Results from the First Phase 1 Clinical Study of DR-01, a Non-Fucosylated Anti-CD94 Targeting Antibody in Patients with Relapsed/Refractory Cytotoxic Lymphomas: Dose Escalation and Optimization

Introduction: DR-01 is a non-fucosylated human IgG antibody targeting CD94, a receptor selectively expressed on cytotoxic terminal effector CD8+T cells, γδT cells, and NK cells, leading to rapid depletion of target cells primarily by antibody-dependent cellular cytotoxicity including fratricide.

DR-01-ONC-001 (NCT05475925) is a Phase 1/2 study of DR-01 in relapsed/refractory (RR) cytotoxic lymphomas (CTL) driven by CD94-expressing cytotoxic cells of origin. In RR disease, these CTLs including hepatosplenic TCL, EATL, MEITL, ENKTL, CD8+ PTCL-NOS, primary cutaneous γδTCL(PCγδTCL), SPTCL, and aggressive CD8+ epidermotropic TCL among others, have no established effective treatment options. Patients with RR CTL have a poor prognosis with shortened survival, often only weeks to months.

Aims: To evaluate the safety and efficacy of DR-01 for the treatment of CTLs and to select doses for dose optimization.

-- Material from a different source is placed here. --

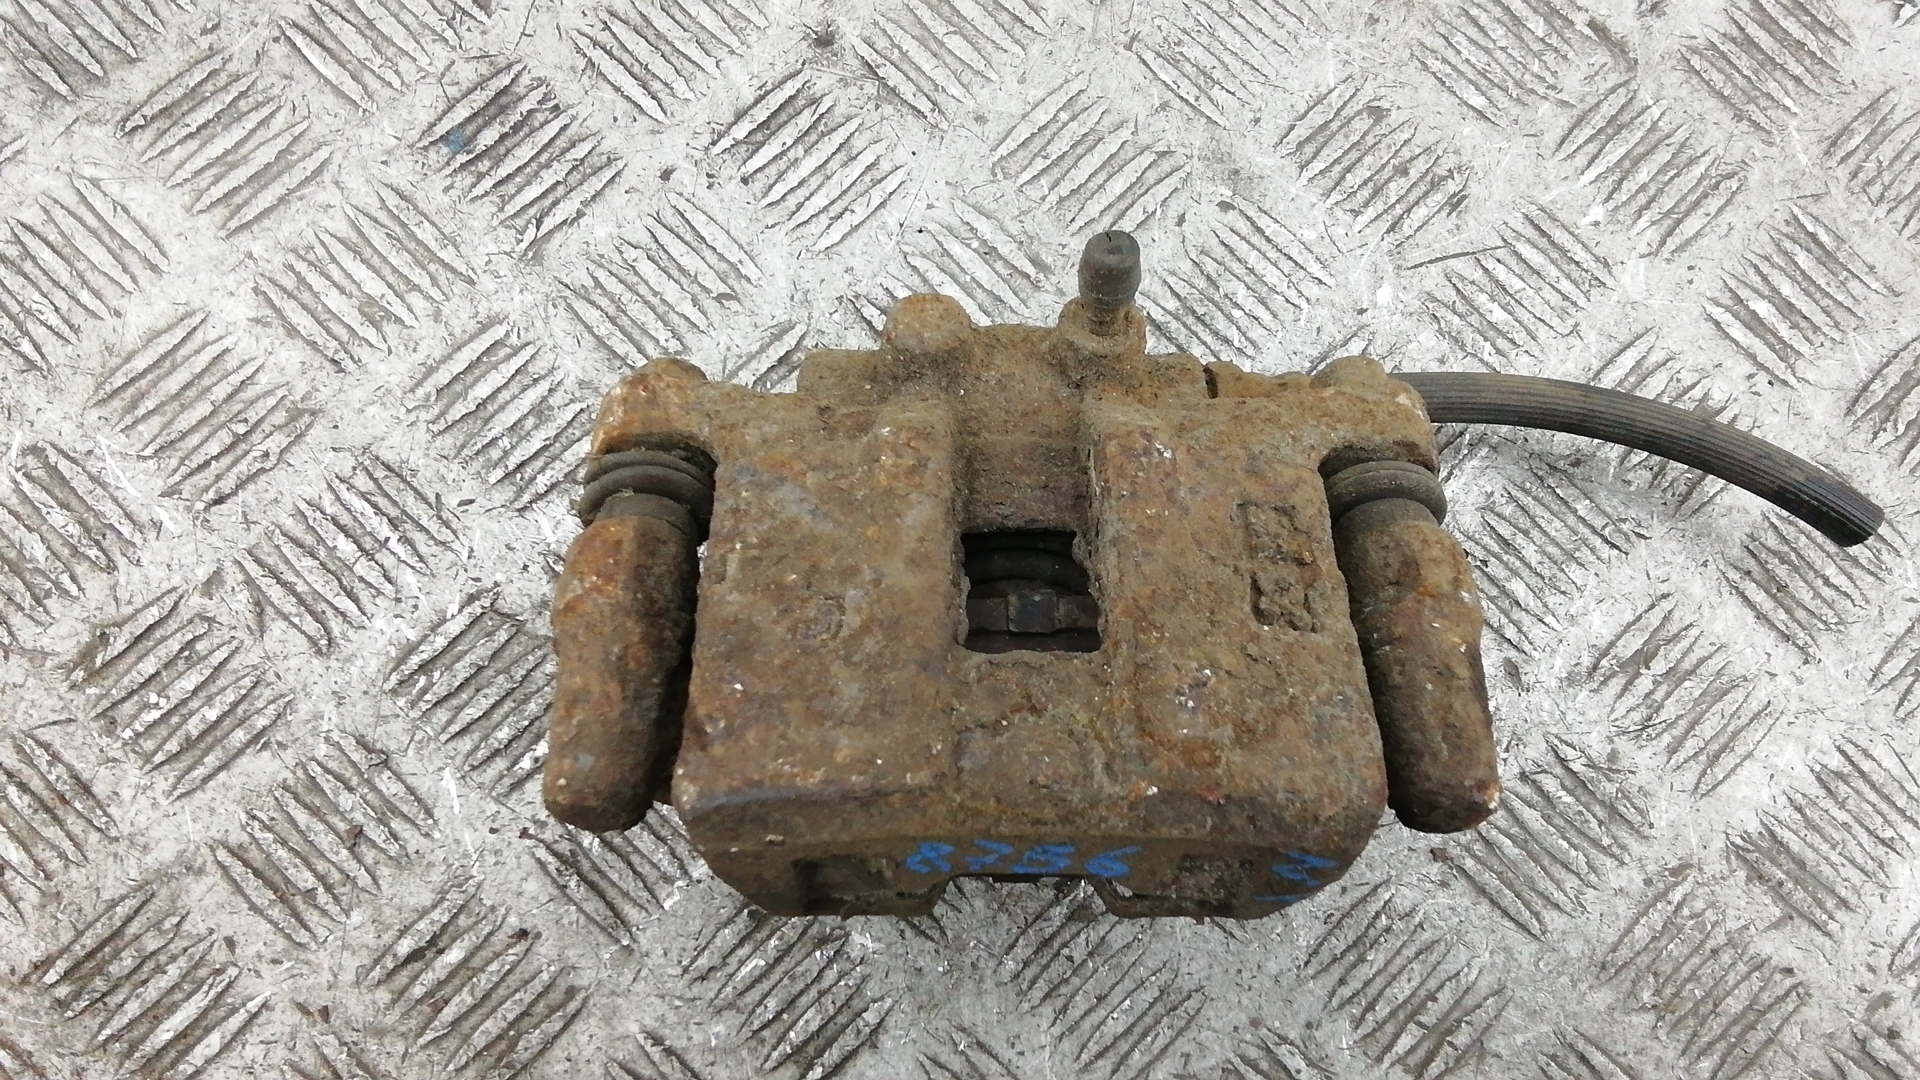 Суппорт тормозной задний правый, JEEP, PATRIOT MK, 2008

Methods: This is a multi-center, open-label, 2-part study. Part A, dose escalation and extension, included CTL patients who failed at least 2 prior lines of therapy. Patients received IV DR-01 at 1 of 5 dose levels ranging from 0.3 to 10 mg/kg, and 1 of 3 induction dose regimens followed by monthly dosing. Additional CTL patients were enrolled in Part A extension at selected dose-regimens to inform dose optimization. Part B2 expansion will assess efficacy and safety of DR-01 in CTL patients who have failed at least 1 prior therapy at 2 dose levels to optimize dose selection. Study goals include disease response assessments, DR-01 concentrations, and pharmacodynamic/biomarker evaluations.

Results

Safety: 39 patients have been enrolled from July 2022 to May 2024 in the safety cohort including CTL and a separate cohort of LGLL not further described here. There were no dose-limiting toxicities, and the only significant treatment-related adverse event (TRAE) observed was infusion-related reaction (IRR) in 33.3% (N=13) most commonly with first administration and managed with supportive measures. No IRR led to dose reduction or discontinuation other than in the first patient enrolled into the study prior to optimization of IRR prophylaxis. The one TRAE causing a dose modification (missed dose) was grade 1 constipation. TRAEs like headache and fatigue had maximum incidence of 15.4%. One event of pyrexia (grade 2) and 1 event of possible CRS (grade 2), both of which resolved without sequelae, were serious AEs considered possibly related to DR-01. There were no DR-01 related deaths.

Efficacy: Part A enrolled 21 patients with CTL. 74% were resistant/intolerant to the most recent line of therapy and 26% refractory to all prior lines of therapy. 18.5% had a prior autologous or allogeneic hematopoeitic stem cell transplant (HSCT). The observed objective response rate (ORR) was 33.3% (3 complete responses [CR] and 4 partial responses [PR]) in the 21 intention-to-treat patients. Among 16 response evaluable patients at minimally efficacious dose (determined by exposure-response analysis) of 1 mg/kg the ORR was 43.8%. Responses were observed in patients who had no response to any line of prior treatment and were observed across 7 different CTL histologies. Time to response in the 7 subjects who achieved CR or PR ranged from 0.85 to 1.38 months, and duration of response (DoR) ranged from 1.97 to 11.14 months. Two of 3 patients achieving CR proceeded to allogeneic HSCT after 14 cycles (SPTCL) and 7 cycles (ENKTL) on study, and they continue in CR at 4.1 and 6.3 months, respectively, since last dose of DR-01. The third patient achieving CR (PCγδTCL) had previously relapsed post allo-HSCT with ongoing response at 7.89 months.

Dose optimization: Exposure is approximately dose proportional within the dose range tested, and preliminary population pharmacokinetic (PK) modeling predicts a half-life of approximately 2 weeks. No safety/exposure relationship was observed, and the C_min associated with responses was best achieved with dose levels of > 1 mg/kg and with the induction regimen dosing on C1D1, D8 and D15. These data supported initiating enrollment into phase 2, Part B2 at doses up to 10 mg/kg.

Conclusion: DR-01 is safe and tolerable in heavily pretreated patients. An encouraging response rate including 3 durable CRs points to the potential for DR-01 as a viable treatment option for CTL. Study DR-01-ONC-001 is currently enrolling an international cohort of patients with CTL into phase 2, part B2 of the trial.